Starting a job in bwVisu

While e.g. cancelling a job is a relatively straight-forward operation of simply invoking scancel <jobid> (after which the watcher will detect that the job is no longer running and remove it from the job list in the database), starting a job is a highly non-trivial operation. It is therefore worthy for the understanding of the middleware to discuss in detail how this works. Starting a job involves the following steps:

  1. The web frontend submits a request to start a job via the middleware REST API. This request includes (detailed information on the API):
    • The name of the user that owns the job
    • The name of the batch script template. The middleware will attempt to load this file from the $INSTALL_DIR/templates directory. A batch script template is a template for generating a submission script for the HPC scheduler. Templates are in the mustache templating format and hence can contain variables (for example, the name of the launched singularity image) that will be substituted by the middleware in the next step.
    • A dictionary of variables and their values that the middleware should replace in the batch script template. Notable variables include the name of the singularity image, the number of nodes or expected runtime of the job.
  2. An authentication token is generated for the job and deposited in the middleware's database. This authentication token is used later on to ensure that only jobs that have been submitted through the bwVisu web frontend are allowed to request port forwarding rules.
  3. The middleware turns the batch script template into an actual batch script by
    • Substituting all variables in the template with the values provided by the web frontend. Because these values enter a shell script, they are sanitized for any characters that could be used to inject additional commands (more information)
    • Expanding lines of the form #KEYHOLE-REQUEST-PORTS N into code that will request iptables forwarding of N ports from the gateway to the compute node. This line is allowed to occur at most once in a batch script template. In particular, the middleware will embed at the location of this line the code of the python keyhole client script using the bash heredoc format. This script will then be extracted and invoked when the bash script is executed, and will then communicate with the keyhole service to negotiate the forwarding of the ports. Requesting port forwarding can only be done once the job is running because before that, it is not clear which nodes the HPC scheduler will assign for this job. After this line, the environment variables KEYHOLE_PORT<I>, KEYHOLE_GATEWAY<I>, KEYHOLE_EXTERNAL_PORT<I> will be defined in the script. <I> corresponds to the index of the port.

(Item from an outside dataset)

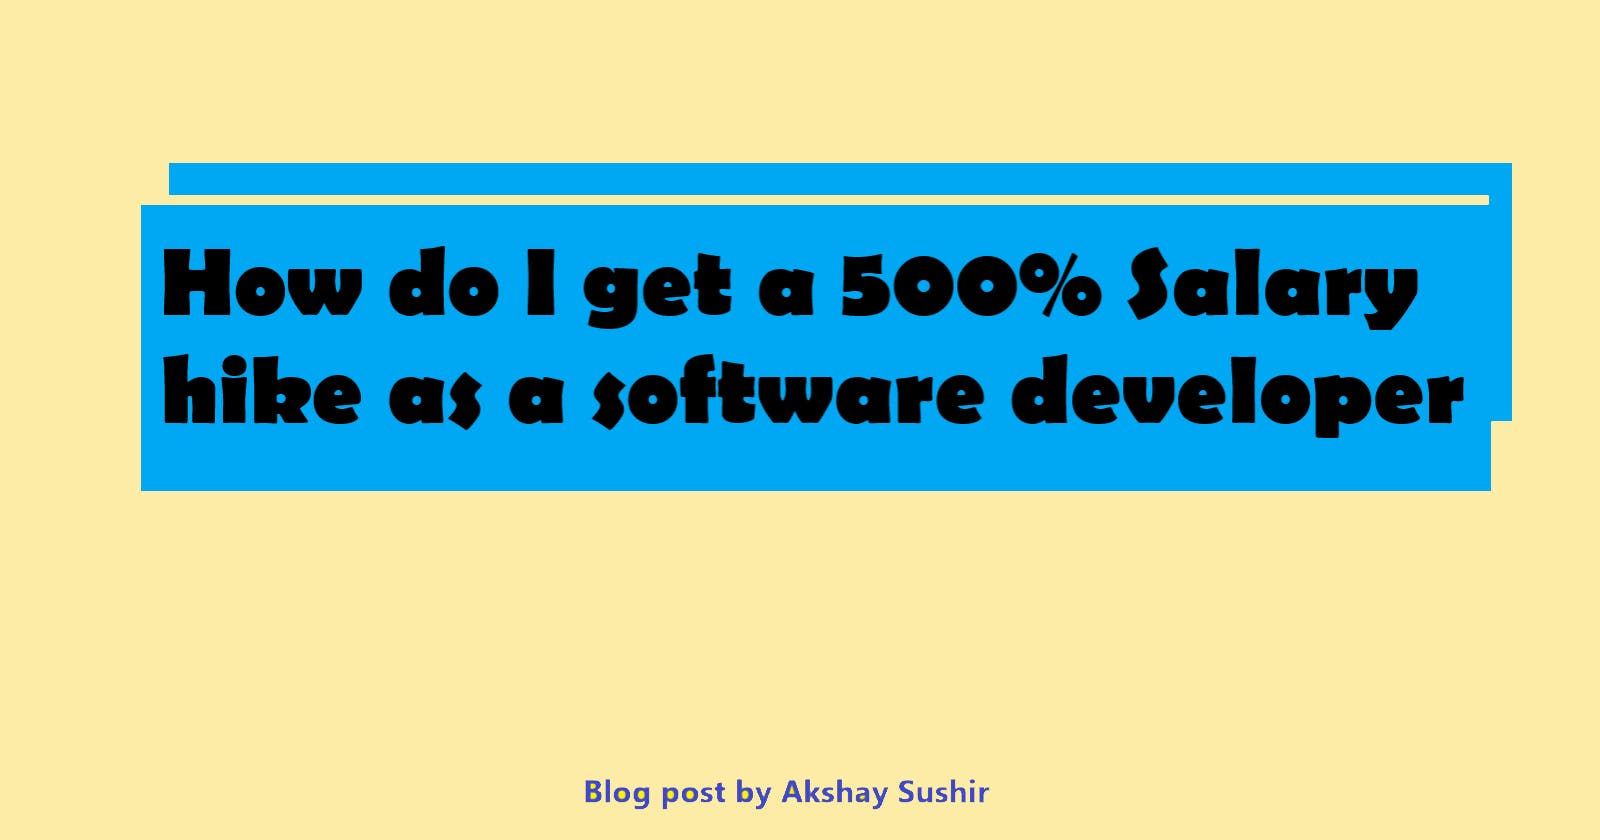 How do I get a 500% Salary hike as a software developer?

    • The environment in which the keyhole client is executed must contain the previously mentioned authentication token. For this purpose, it is also embedded in the bash script.
  4. The job is submitted to the HPC scheduler. This is done by piping the generated bash script directly through ssh into sbatch, to avoid batch scripts containing authentication tokens being stored persistently on the filesystem. The middleware parses the sbatch output to extract the job id and stores it in the database for internal use.
  5. The request has finished at this point, and the job id is returned to the web frontend. The returned job id is however not the Slurm job id, but a bwVisu job id (which the middleware can translate back into the Slurm job id if necessary using the stored id in the database). Distinguishing these ids is necessary because in general, not all jobs that Slurm manages are bwVisu jobs if the cluster is not dedicated exclusively to bwVisu. The middleware therefore must enumerate its jobs independently of Slurm.
  6. Although the request has finished and the web frontend can present to the user that the job was submitted, the job is not yet running. Assume that at some point the HPC scheduler decides to execute the job and executes the batch script. At this point, the keyhole client will be executed and contact the middleware to request forwarding of ports. It will submit the hostnames of the nodes in this request, which requires parsing the SLURM_NODELIST environment variable.
  7. The keyhole service performs an HMAC authentication of the request and compares the supplied authentication token from the request with the stored token for this job in the database. Jobs are only allowed to request port forwarding once to prevent DOS attacks, and the maximum number of forwarded ports per job is also limited for the same reason.
  8. The middleware now tries to find suitable ports that are available for forwarding. For this purpose, it checks the database for entries of already assigned ports. If it has found a port that appears unused, it makes sure by invoking nc -z $HOST $PORT via ssh from a gateway node that indeed no service is listening on the port. The middleware will attempt to find ports that are unused on all involved hosts, such that the application can rely on being able to use this port e.g. for all MPI processes on multiple nodes.
  9. iptables is invoked on a gateway node to establish the port forwarding. The database is updated to mark the port as used and the forwarding rule as active.
  10. The port and gateway ip is then returned to the keyhole client executed by the batch script, and the keyhole client will make sure that this information is available as environment variable for the remainder of the batch script.
  11. The batch script continues executing and the actual application starts.
  12. At some point later, the keyhole watcher will detect, again using nc -z, that an assigned port of the job is now open and the application is listening for connections. The keyhole watcher marks the job as 'available', and the middleware will inform the web frontend upon the next query that the user is now able to connect to the application using the assigned port and gateway ip.
  13. The web frontend shows the user that the job is available and displays information on how to connect.